API documentation for tradingstrategy.timebucket.TimeBucket Python class in Trading Strategy framework.

class TimeBucket[source]#

Bases: Enum

Supported time windows for candle and liquidity data.

We use term “bucket”, from the TimescaleDB slang to symbol the time window of a candle data we are querying.

The raw blockchain data is assembled to 1 minute time buckets. Then the 1 minute timebuckets are resampled to other windows.

All time windows are in UTC. Daily time buckets have their hour, minute and second set to the zero in the outputted data. Hourly time buckets have minute and hour set to zero, etc.

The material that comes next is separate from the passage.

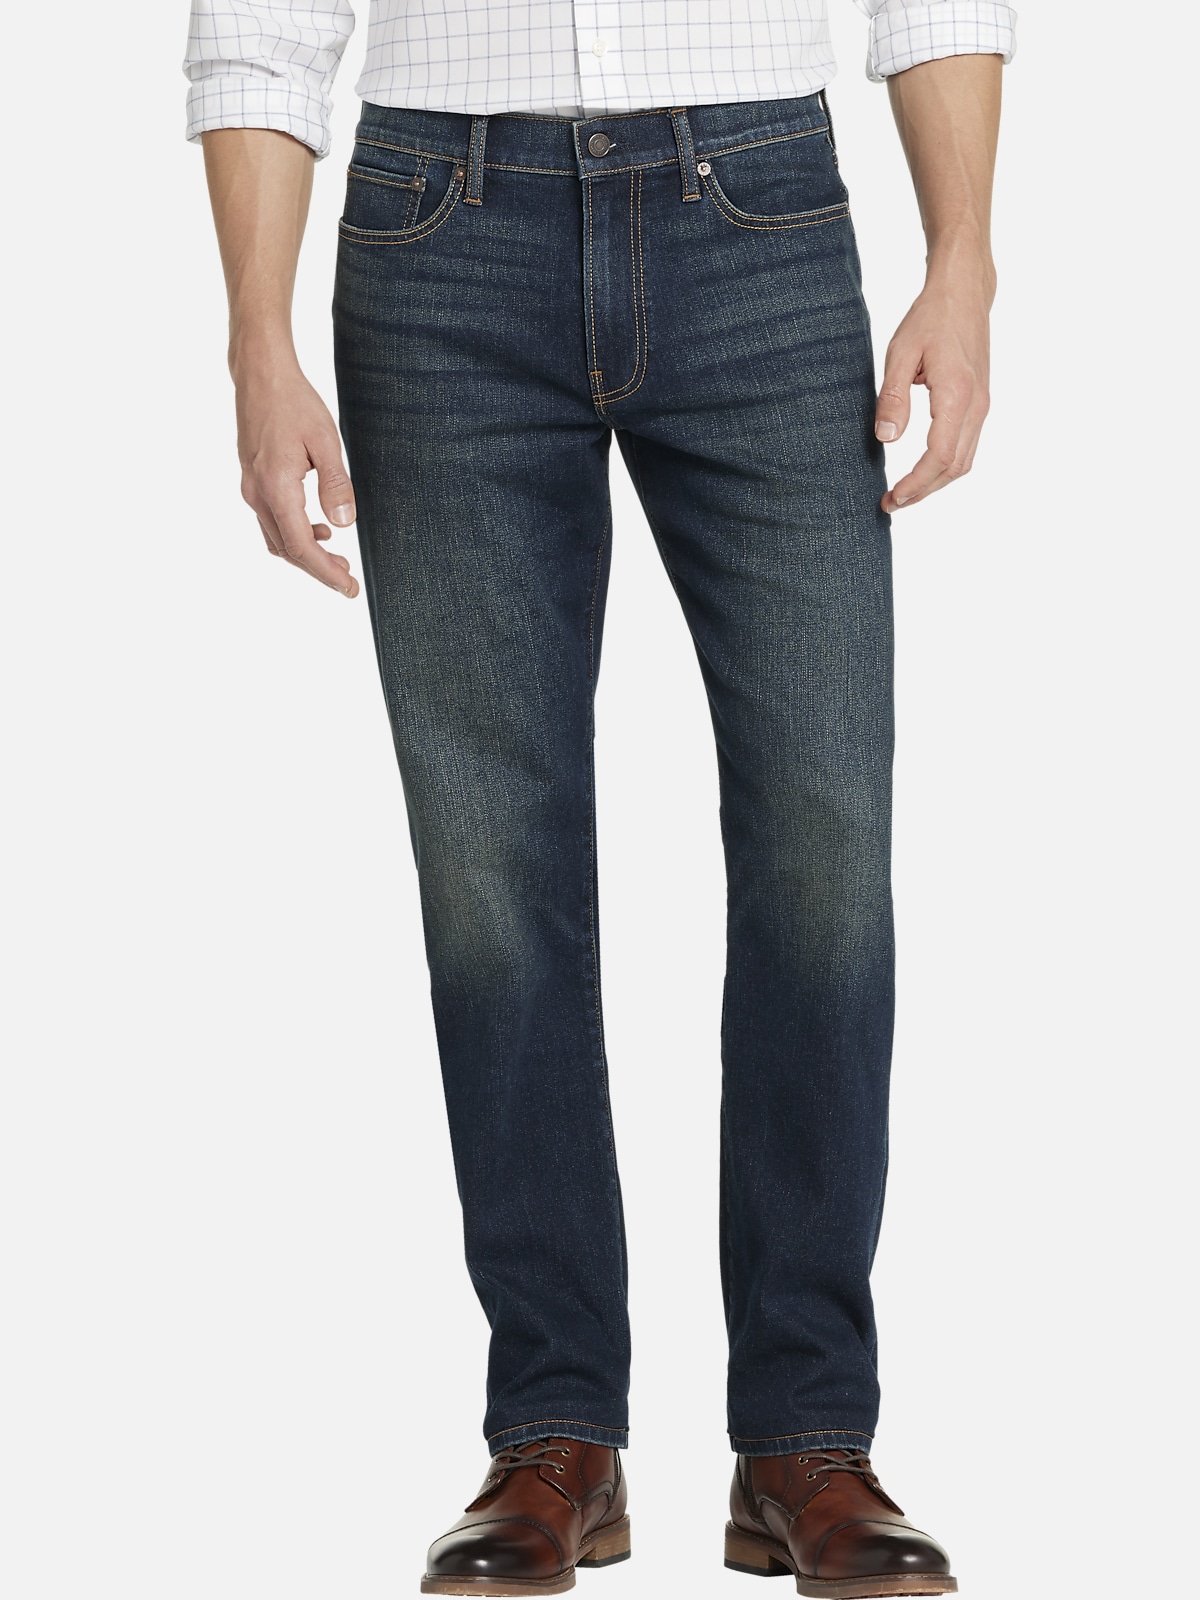 https://image.menswearhouse.com/is/image/TMW/TMW_22ZE_53_LUCKY_BRAND_JEANS_DARK_WASH_MAIN?imPolicy=pdp-zoom-mob

Python labels are reserved from the actual values, because Python symbol cannot start with a number.

__init__()#

Methods

to_hours()

The length of this bucket as hours.

to_timedelta()

Get delta object for a TimeBucket definition.

to_pandas_timedelta()

Get pandas delta object for a TimeBucket definition.

to_frequency()

Get frequency input for Pandas fuctions.

from_pandas_timedelta(td)

Map Pandas timedelta to a well-known time bucket enum.

Attributes

m1

One minute candles

m5

Five minute candles

m15

Quarter candles

h1

Hourly candles

h4

Four hour candles

h8

Eight hour candles

d1

Daily candles

d7

Weekly candles

d30

Monthly candles

d360

We do not have "yearly" candles, but some trade statistics are calculated for 360 days, thus we need a corresponding time bucket for them.

infinite

Some statistics like "all time high", for example, only make sense if a "bucket" spans across the entire timeline.

not_applicable

A placeholder value representing a "NULL value" for cases where Python's None is not a favorable choice for some reason.

m1 = '1m'#

One minute candles

m5 = '5m'#

Five minute candles

m15 = '15m'#

Quarter candles

h1 = '1h'#

Hourly candles

h4 = '4h'#

Four hour candles

h8 = '8h'#

Eight hour candles

d1 = '1d'#

Daily candles

d7 = '7d'#

Weekly candles

d30 = '30d'#

Monthly candles

d360 = '360d'#

We do not have “yearly” candles, but some trade statistics are calculated for 360 days, thus we need a corresponding time bucket for them.

infinite = 'infinite'#

Some statistics like “all time high”, for example, only make sense if a “bucket” spans across the entire timeline.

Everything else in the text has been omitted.